The Geneva Conventions allowed our troops to detain combatants or civilians if necessary — but our judges, and Strasbourg, couldn’t see the difference between Helmand and Henley.
Those who drafted the European Convention on Human Rights did. They never meant the convention to apply outside the signatory states but instead for the Geneva Conventions to take precedence in war. It has taken a civilian generation to confuse international humanitarian law with human rights legislation.
Unlike the ECHR, the Geneva Conventions understand the nature of combat. They acknowledge, for example, that in war lethal force can be a matter of first resort against the enemy. The ECHR allows lethal force to be used only in exceptional circumstances. Deciding what those conditions may be puts commanders in an impossible position.
It beggars belief that shooting an individual in war is now enough to allow that combatant to sue Britain for breach of their human rights. Since Labour introduced the Human Rights Act, our own courts are forced to hear these cases. Whether the application is successful or not is irrelevant — a judge must now look down the sights of every rifle and decide if the trigger should have been pulled.
Were we ever forced to retake the Falkland Islands, let alone repeat the Normandy landings our first act would have to be to recruit a battalion of judges.
Such judicial mission creep has paved the way for a spike in litigation. By the end of this month, no fewer than 1,230 public law claims are expected to have been filed against the Ministry of Defence in relation to British military action in Iraq. This is in addition to a thousand private law claims, of which more than 700 remain live. This litigation is expensive and time-intensive, preventing the MoD from focusing on operations where men and women are at risk.
In a violent and rapidly changing situation there will always be multiple perspectives giving legal casuists the opportunity to use the calm of the courtroom to suggest error. It is not only unfair but unethical to put troops we have sent into action on our behalf in a position that can leave them facing retrospective legal action. Worse still, it causes doubt in combat, which could lead to defeat.

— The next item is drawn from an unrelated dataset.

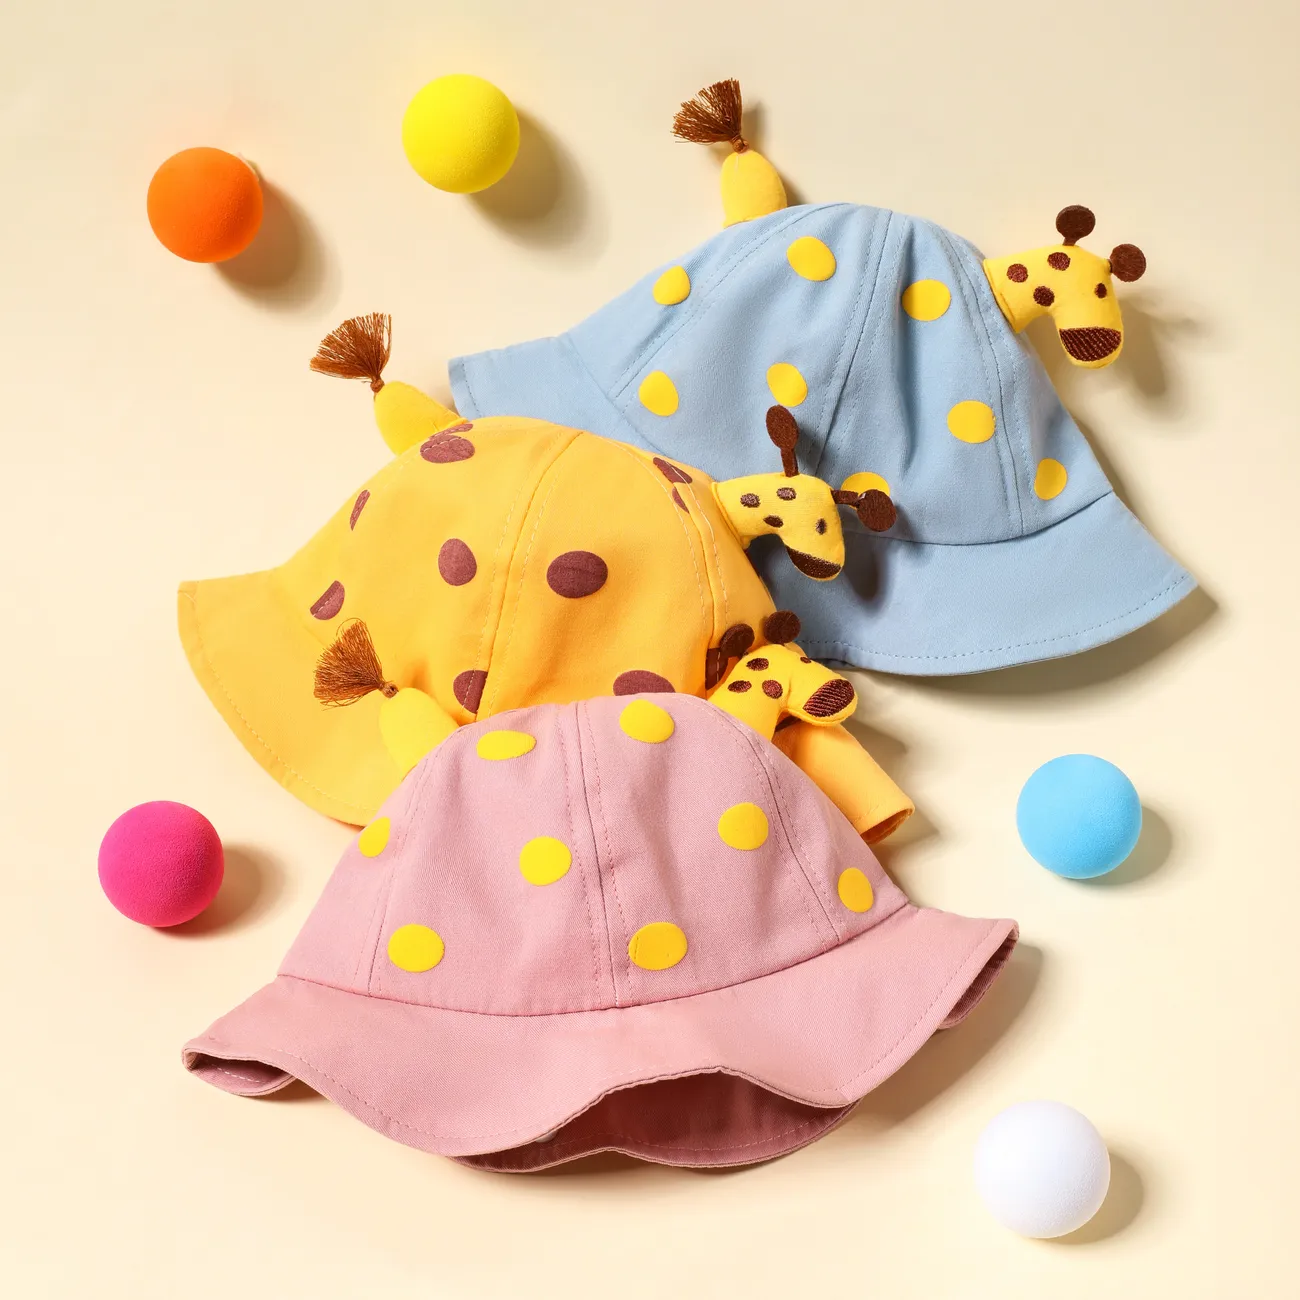 Sombrero de pescador de sombrilla de ciervo lindo para bebés/niños pequeños Rosado big image 1

The government must act now to bring clarity to this confusion. British commanders must be assured that the Geneva Conventions take precedence over the ECHR in combat. Uncertainty protects no one.
The government must now change tack. Instead of simply defending further action it must reverse the decline in the military’s expeditionary capabilities and repel the legal assault. The provisions of the ECHR include the option to derogate for combat abroad. The initial drafters knew this was necessary; the government must do so too. Together with the primacy of the Geneva Conventions this would give Britain’s armed forces the freedom from inappropriate legal intervention in battle.
In wars fought against enemies who often do not abide by universally binding international laws, it would be irresponsible for the UK to tie its own armed forces up in legal red tape. It would be unwise for parliament to impose such restraints; it is intolerable for the judiciary to do so.
If war is too important to be left to the generals, then certainly it is too important to be left to the judges.